Le tribunal administratif d'Orléans a désavoué le préfet du Loiret qui avait ordonné des perquisitions au bureau et au domicile d'un salarié EDF de la centrale nucléaire de Dampierre-en-Burly (Loiret) soupçonné de sympathie pour le terrorisme islamiste, a-t-on appris lundi auprès du greffe du tribunal.
Une « note blanche » pour comportement « suspect » avait été rédigée en septembre 2016, selon laquelle ce préparateur électricien avait refusé d'observer une minute de silence organisée dans l'enceinte de la centrale nucléaire après les attentats en France.
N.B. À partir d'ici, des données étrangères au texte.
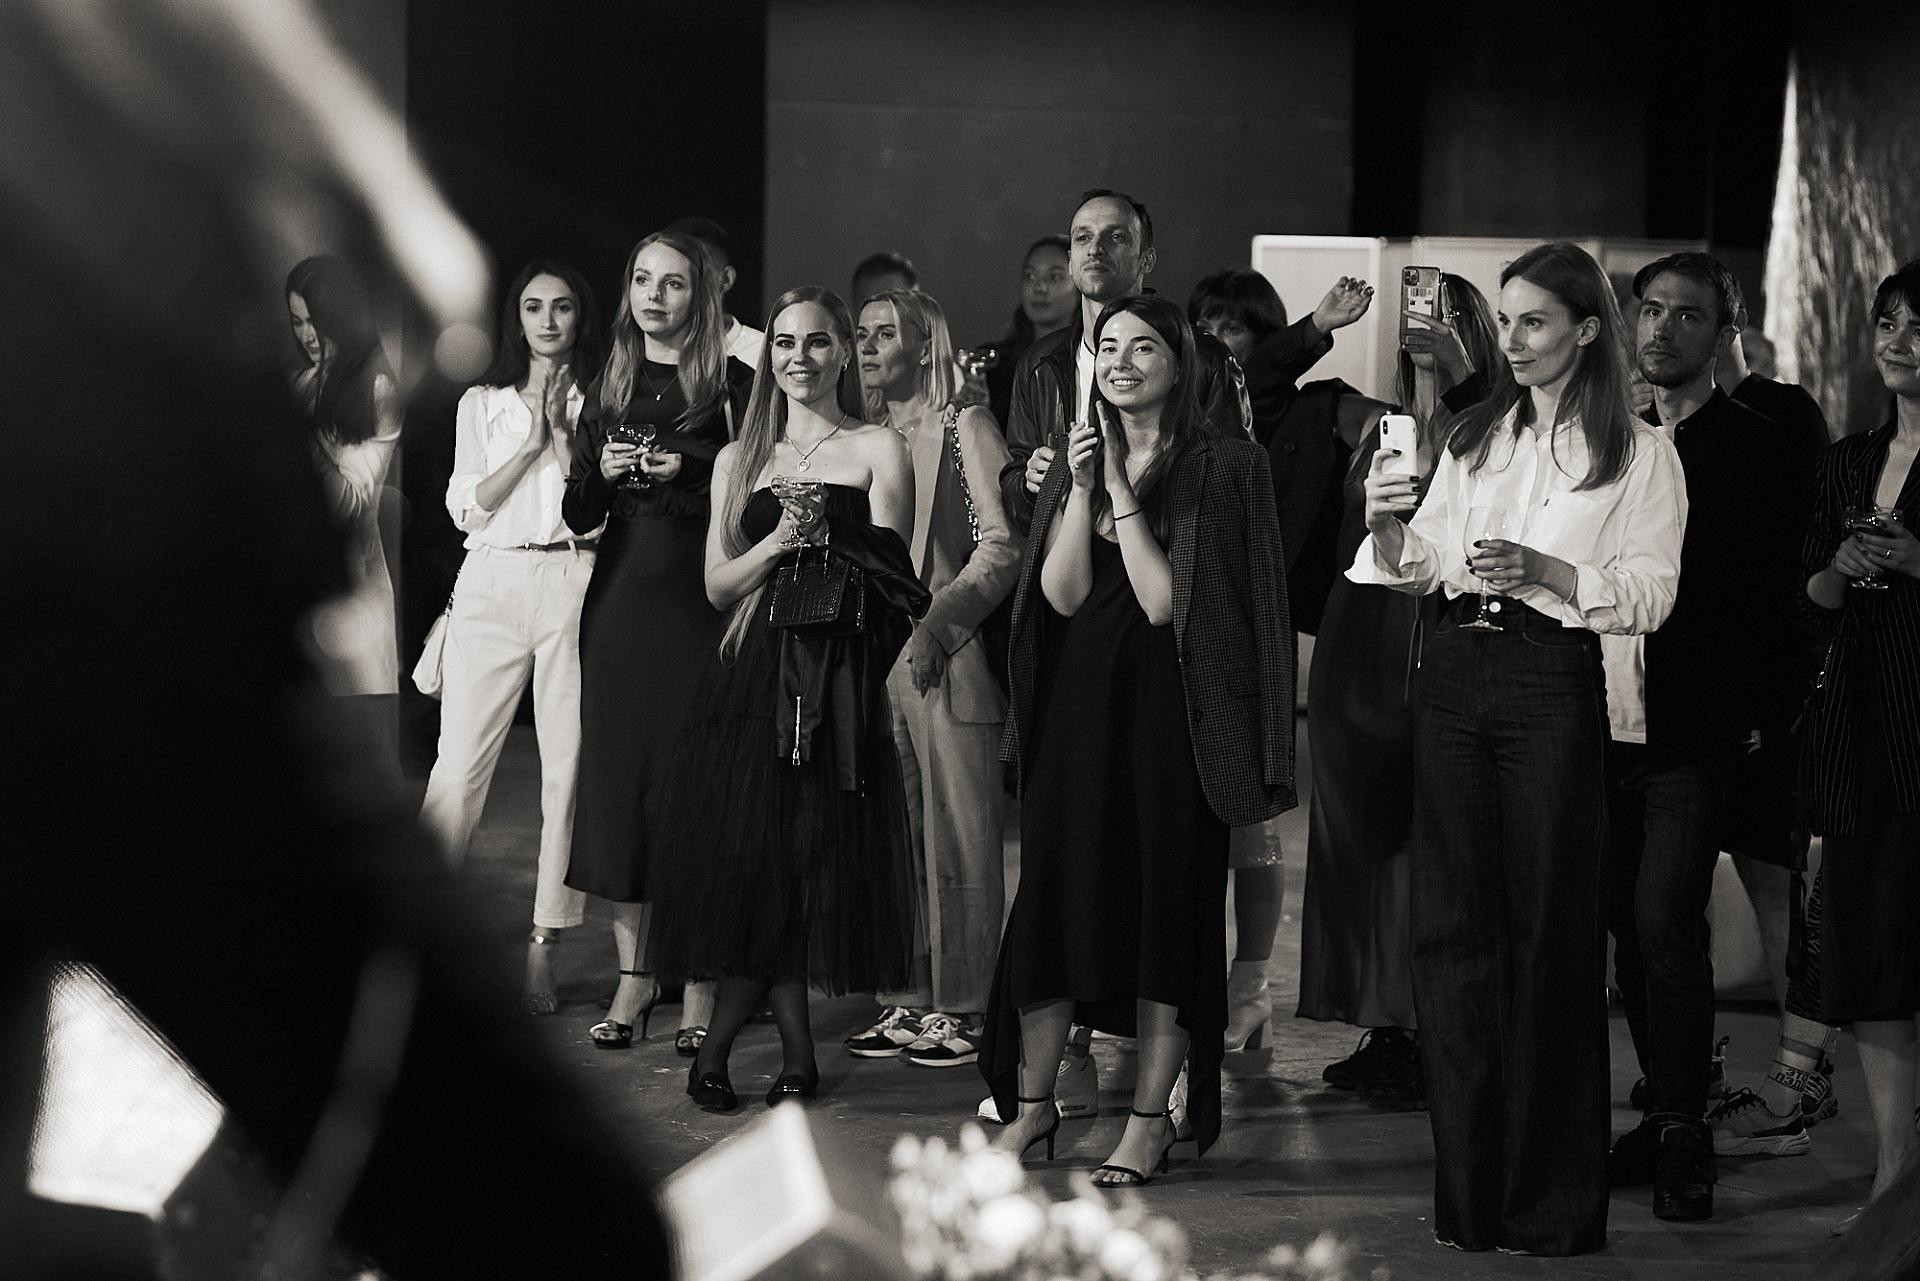 Музыкант Жанна27 провела закрытую презентацию дебютного альбома-Фото 3

Il lui était aussi imputé d'avoir déclaré après l'attaque contre un club gay à Orlando, aux États-Unis : « si la charia était appliquée, il n'y aurait plus de problèmes avec la communauté homosexuelle ».
« Des minutes de silence »
Estimant que l'homme était susceptible de « constituer une menace pour la sécurité et l'ordre publics », le préfet avait ordonné des perquisitions dans son bureau à la centrale nucléaire, ainsi que dans ses deux véhicules et à son domicile.
Aucun élément pouvant établir qu'il évoluait dans une mouvance islamiste n'avait été recueilli.
L'employé d'EDF a contesté le bien-fondé de l'initiative préfectorale devant le tribunal administratif, qui lui a donné raison, estimant que la décision préfectorale était sans fondement.
Pour le tribunal administratif « la note blanche produite (par le préfet) ne permet pas de tenir pour établis les faits rapportés ». En effet, le salarié a présenté au tribunal divers témoignages sur sa participation à « des minutes de silence », tant dans les locaux de la centrale de Dampierre que devant la mairie de Gien.
Le salarié conteste également avoir tenu les propos qu'on lui prête sur la communauté homosexuelle. Le tribunal orléanais relève qu'« aucune précision n'est donnée (...) sur les circonstances de date et de lieu dans lesquelles le salarié aurait tenu de tels propos ».
Les juges administratifs ont en conséquence annulé la décision préfectorale ordonnant les deux perquisitions et ont condamné l'État à verser 2 000 euros au requérant, au titre des frais exposés pour sa défense.